Saturday, October 27, 2012

Who Really Benefits From Mortgage Interest Deductions?


Lisa Prevost writing for The New York Times:
Real estate and building industry groups have loudly condemned proposals by both presidential campaigns to shrink the mortgage interest deduction. Central to their arguments is the long-hallowed deduction’s value to the middle class. But a closer look at who benefits suggests that this perception, though prevalent, is not accurate. 

To begin with, most taxpayers do not benefit from the deduction at all. This is because they do not itemize deductions on their federal income tax returns. According to Joseph Rosenberg, a research associate at the Urban-Brookings Tax Policy Center, only about 30 percent of taxpayers itemize, rather than take the standard deduction. And the majority of these itemizers are upper-middle and upper-income households...
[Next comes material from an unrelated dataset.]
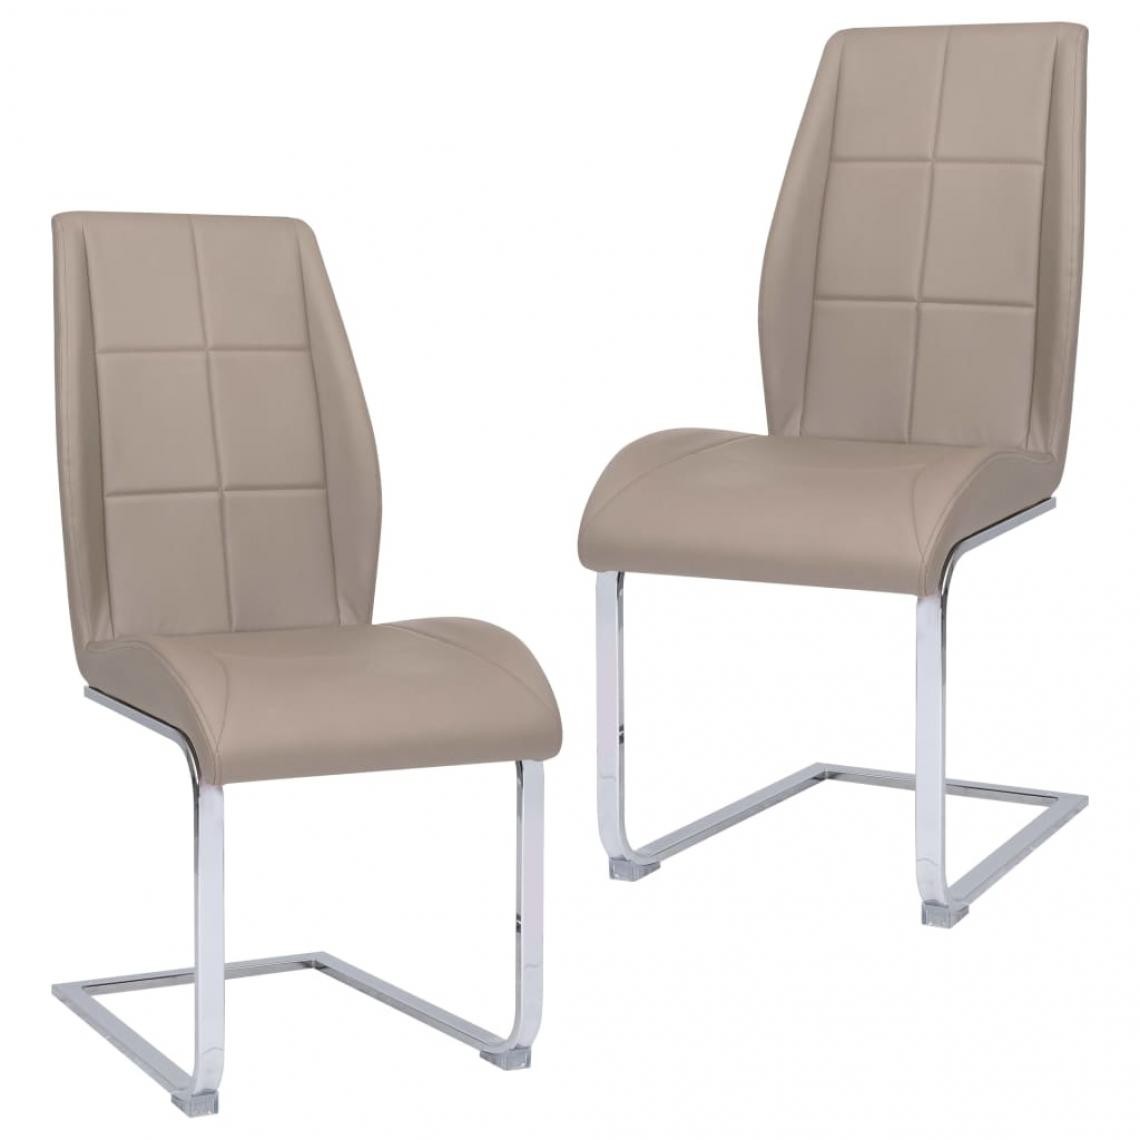 Decoshop26 - Lot de 2 chaises de salle à manger cuisine cantilever design intemporel tissu cappuccino CDS020312 - Chaises

The other factor is that the value of the subsidy increases along with your tax bracket.
Read the whole thing.

The mortgage deduction is a policy that distorts the actual value of a home, making it look more valuable than it economically is.  This leads to an over-consumption of housing an over-provision of single family homes in the economy.  The poor are not only those who are least able to afford homes, but also are in the lowest tax bracket, receiving very little benefit from the mortgage deduction.  As Prevost writes in her article, the tax benefits are mostly enjoyed by the wealthy.

Harvard's Ed Glaeser notes that the mortgage deduction contributes to suburban sprawl by incentivizing people to own when, but for price distortions due to tax policies, they might be better off renting a smaller home in or nearer to a city.  This has huge ramifications on losses in productivity and well-being from time wasted commuting, environmental impact from lowered access to public transportation and additional miles driven, and lessened economies of scale on services in the suburbs relative to cities.  The mortgage deduction also incentivizes people to purchase larger homes than they otherwise would, again leading to a waste of resources in building, heating, cooling, and maintaining overly-large houses.  As Glaeser points out in his book, if other countries like China and India suburbanize the way the United States has, it could lead to large global increases in carbon emissions and the demand for oil.


I have recently been teaching my microeconomics class about positive externalities and negative externalities.  If suburban living has as many negative externalities as Glaeser believes, maybe home ownership should be taxed rather than subsidized?  At a minimum, the mortgage tax deduction is a policy that seems to have little justification from either the perspective of economics or equality.